Les géants de la Silicon Valley opèrent une bascule trumpiste à un rythme stupéfiant : Mark Zuckerberg, mais aussi Sam Altman, le patron d’Open AI, et Jeff Bezos (propriétaire d’Amazon et du Washington Post) vont tous les trois financer la cérémonie d’investiture de Donald Trump, lundi prochain.

Et qu’est-ce que ça implique pour l’écologie ?

C’est l’une des composantes du fascisme : Donald Trump s’ingénie à détruire le réel, avec ses faits alternatifs, ses théories du complot et autres attaques personnelles contre ses ennemi·es – journalistes et scientifiques au premier chef.

Son lieutenant, Elon Musk, a déjà transformé son réseau social X en machine à désinformer sur tous les sujets, dont le climat. D’ailleurs, il a multiplié les mensonges sur les incendies à Los Angeles et expliqué, entre autres, que la «cause principale» n’était pas le changement climatique, mais la politique de diversité et d’inclusion. Pourquoi ? Kristin Crowley, la cheffe des pompiers de Los Angeles, est une femme homosexuelle.

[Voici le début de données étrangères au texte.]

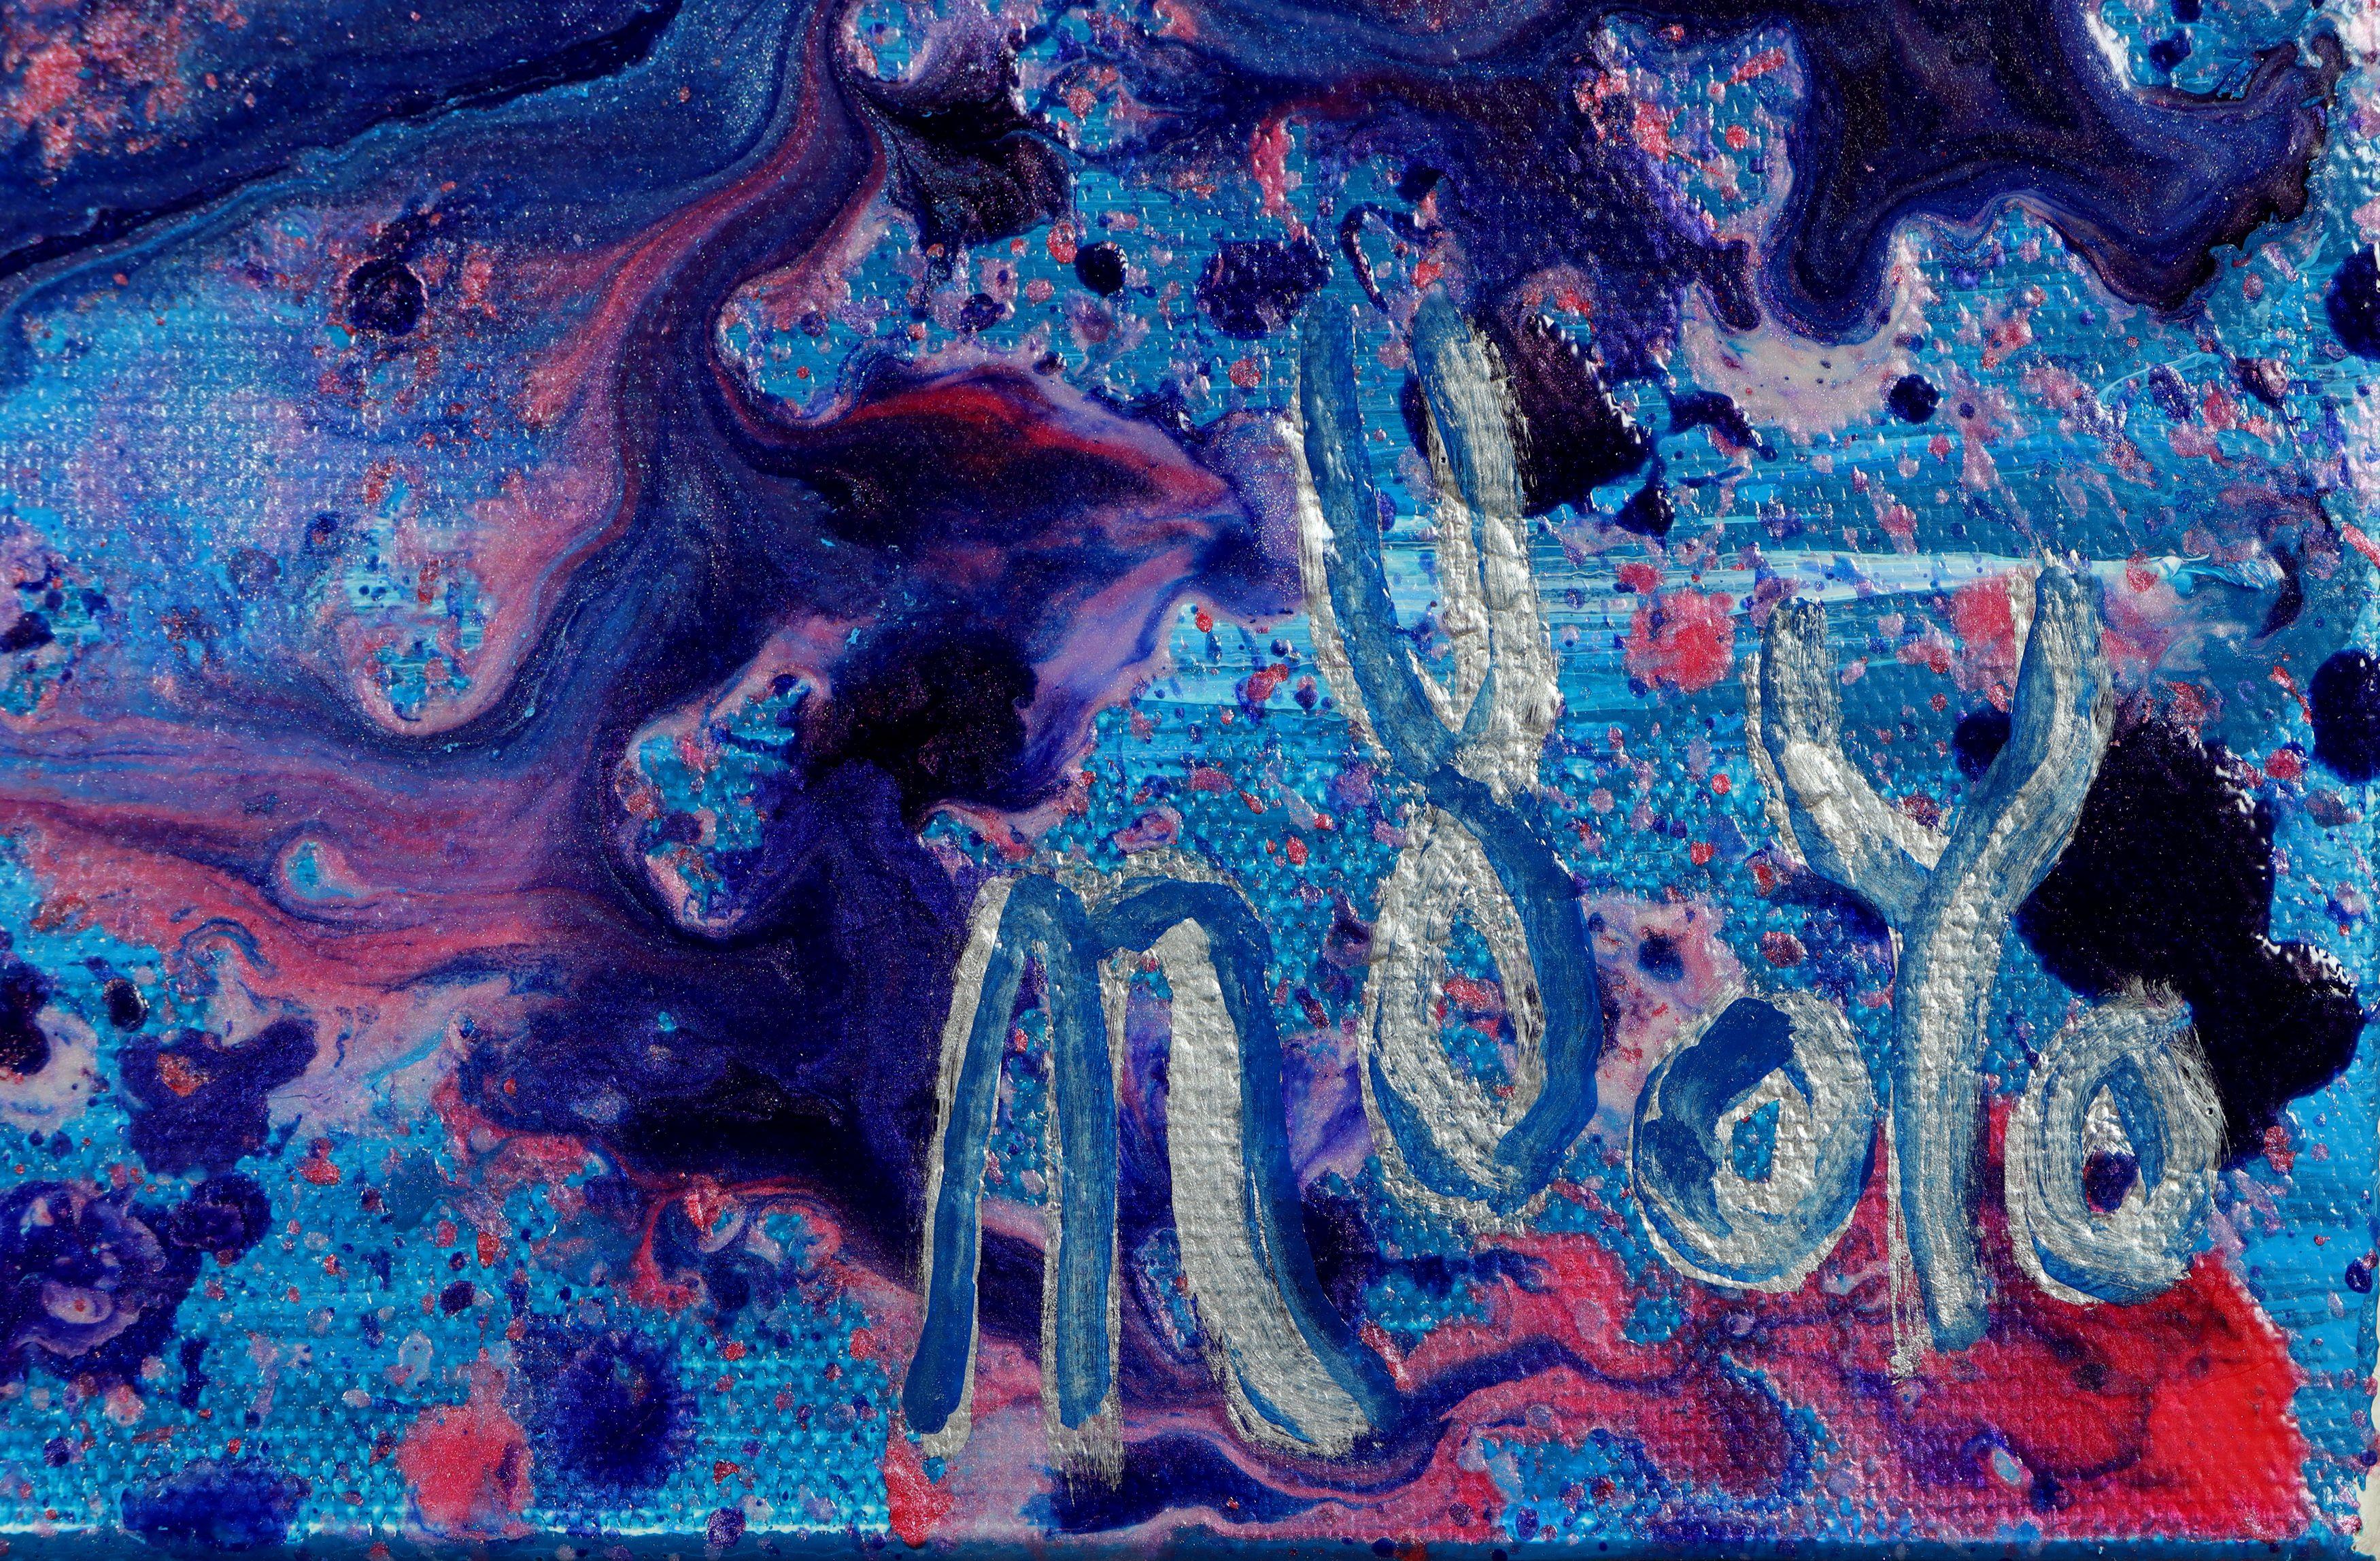 Leidenschaftliche abstrakte expressionistische Aktionsmalerei, inspiriert von Pollock. Farbschichten, Lila, schillerndes Lila, Preußischblau und Silber. Großes Statement-Kunstwerk. Signiert auf der Vorderseite der zweiten Leinwand.    Dieses

Il est difficile de déterminer avec précision l’influence des réseaux sociaux sur le débat public, mais avec leurs milliards d’utilisateur·ices dans le monde, on sait qu’elle est énorme.

Laisser sciemment se propager les fausses informations et les attaques haineuses, c’est la garantie de mettre à sac le débat démocratique, au moment où l’humanité doit prendre des décisions vitales pour son avenir.

L’Europe est pour l’instant restée muette face à cette brutale accélération de l’histoire. Elle est face à un choix immense : faire preuve d’unité et de courage, et se battre pour la démocratie, ou en donner définitivement les clefs au marché.

Et si elle fait ce second choix, je viendrai vous annoncer la mort d’Elon Musk dans deux semaines.